Duquesne University will receive a $400,000 grant to develop teacher preparation programs based on standards set by the Woodrow Wilson Foundation. Duquesne will be able to enroll 12 fellows annually during the program's three-year period. The foundation will begin recruiting fellows for the program immediately, with the first class of fellows in Pennsylvania expected to begin in the summer of 2019.
"Expanding businesses need people with STEM skills, and that starts with great teachers," said Wolf. "I commend the Woodrow Wilson National Fellowship Foundation for making Pennsylvania the sixth state with this fellowship and for its dedication to delivering a quality STEM education to our students. This fellowship is the perfect match with my PAsmart initiative that has made Pennsylvania a national leader in STEM and computer science education."
Georgia, Indiana, Michigan, New Jersey and Ohio have already introduced the Woodrow Wilson Teaching Fellowship to its colleges and universities.
"All Pennsylvania students both need and deserve strong STEM teachers," said Arthur Levine, president of the Woodrow Wilson National Fellowship Foundation. "Through the Pennsylvania Teaching Fellowship Program, we will now help the state construct new pipelines of aspiring educators with strong backgrounds in science, technology, engineering and math, all committed to teaching in Pennsylvania's high-need communities. Through this effort, Pennsylvania will continue to strengthen its schools, its communities and its future."

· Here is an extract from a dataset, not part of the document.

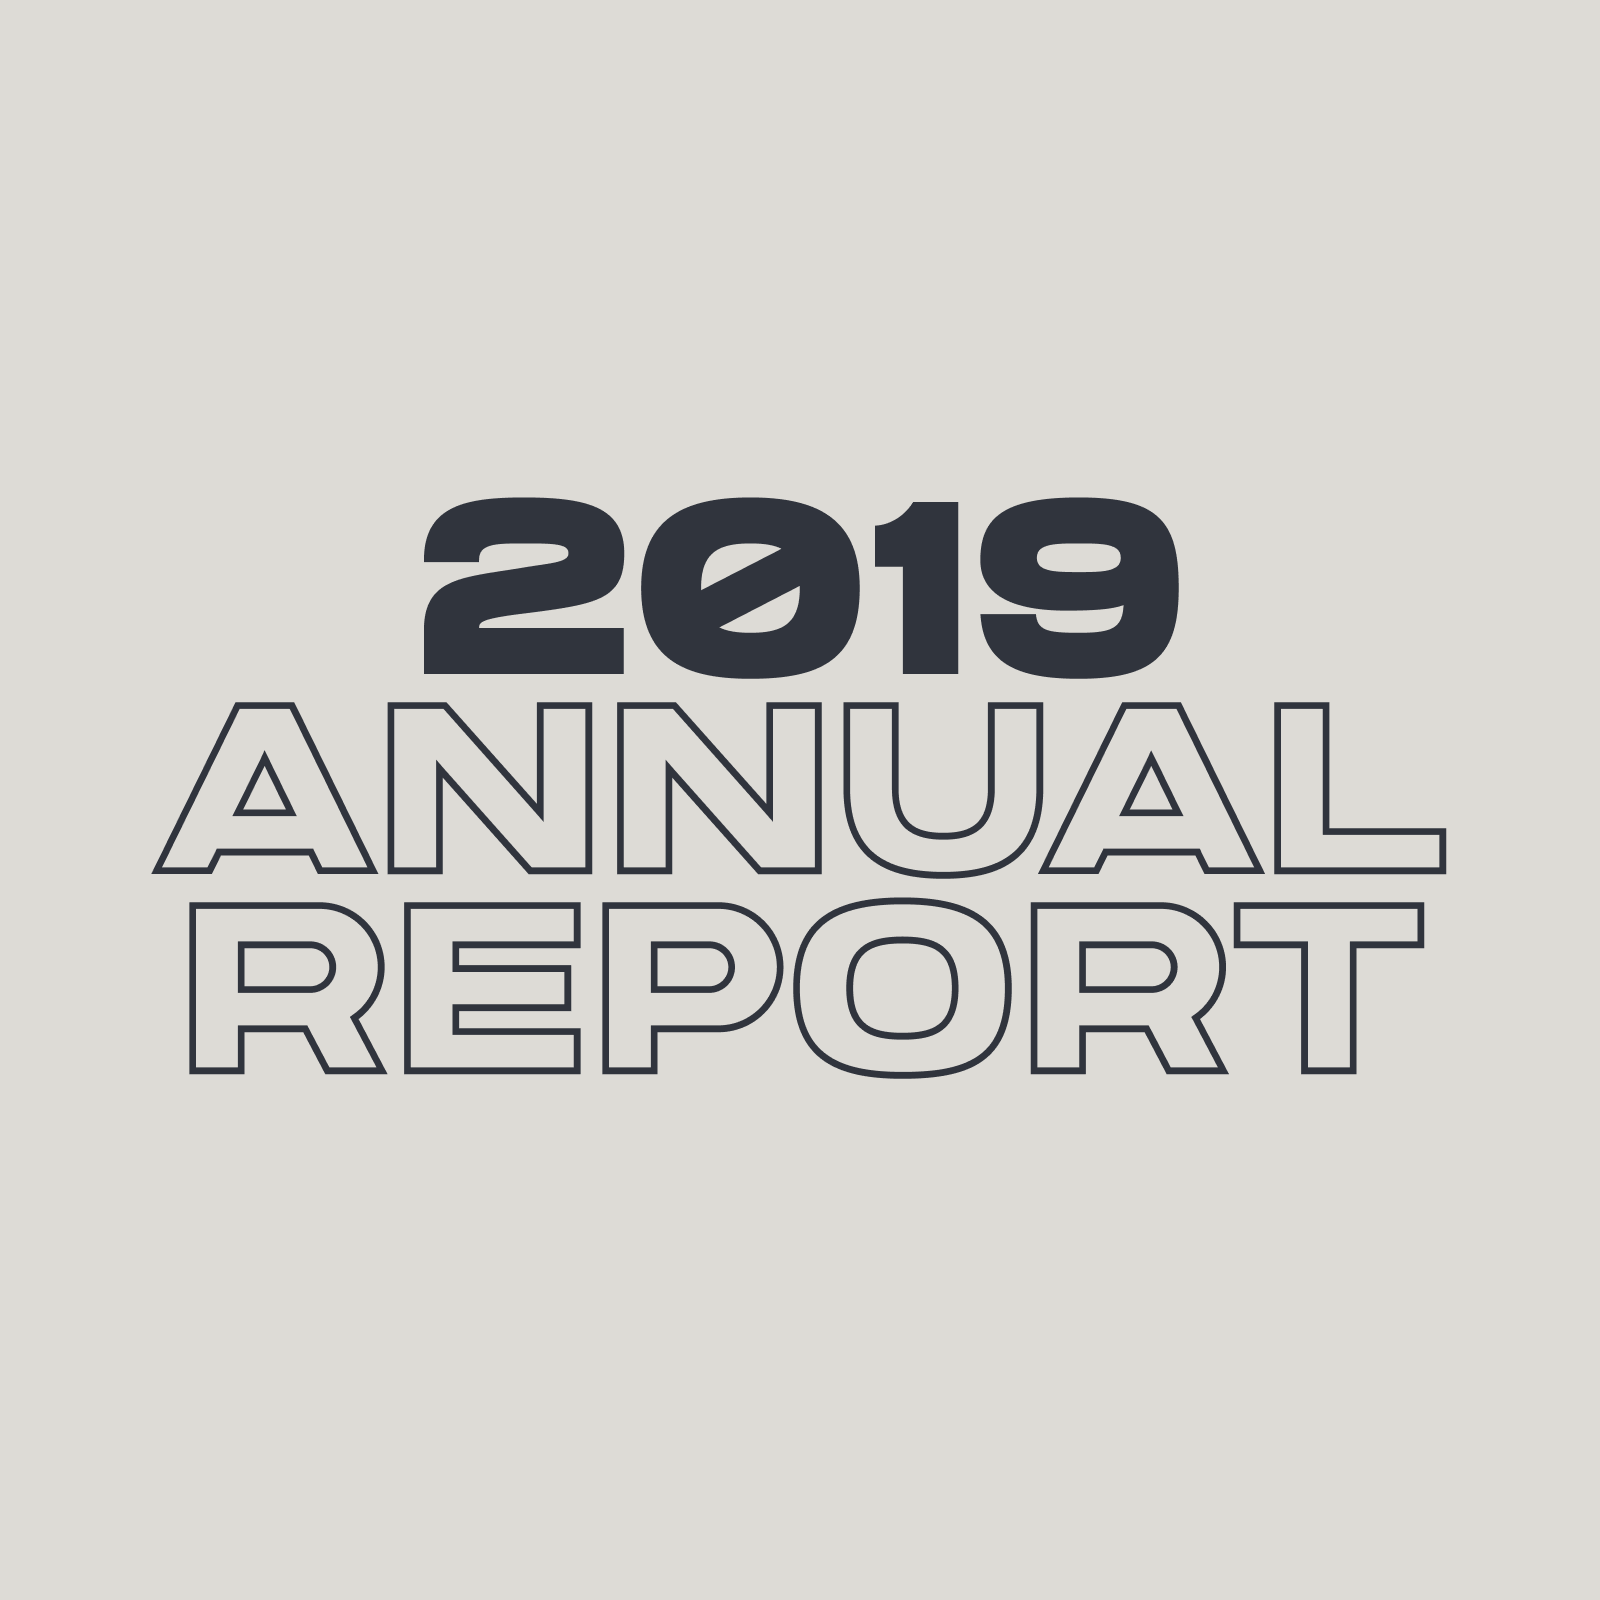 2019 Annual Report.png
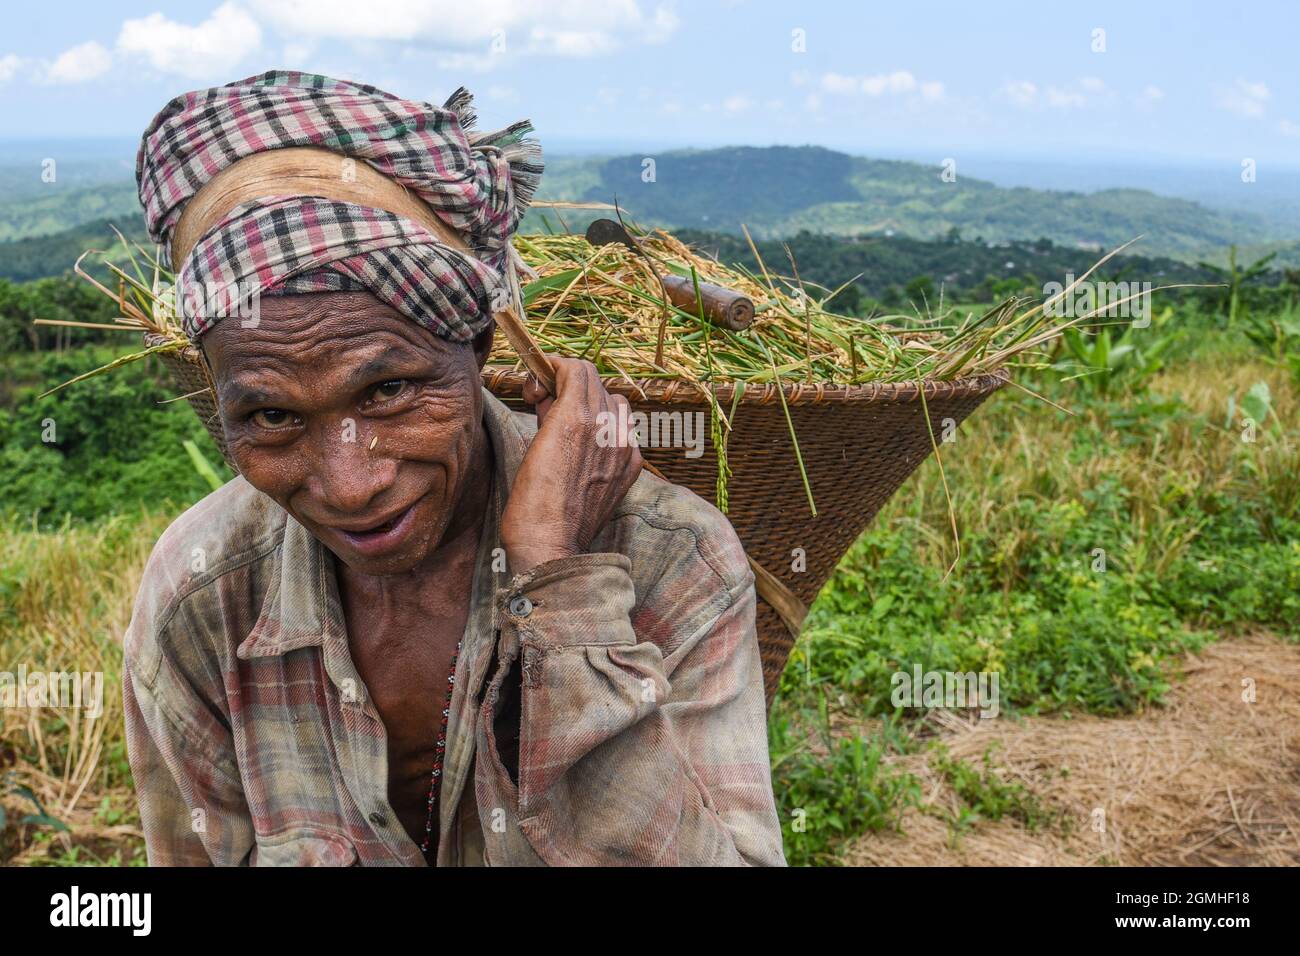 A man works in a Jhum field (mixed cropping) in Khagrachari, Chittagong Hill Tracts, Bangladesh Stock Photo

The Woodrow Wilson Foundation will create and administer the program, anchored by a $5 million matching grant from the William Penn Foundation, and generously supported by Highmark, AT&T, the Pennsylvania State Employees Credit Union, M&T Bank, the Weiss Family Foundation, Pennsylvania's State System of Higher Education Foundation, and several other major individual donors.
Founded in 1878, Duquesne is consistently ranked among the nation's top Catholic universities for its award-winning faculty and horizon-expanding education. A campus of nearly 9,500 graduate and undergraduate students, Duquesne prepares students by having them work alongside faculty to discover and reach their goals. The University's academic programs, community service, and commitment to equity and opportunity in the Pittsburgh region have earned national acclaim.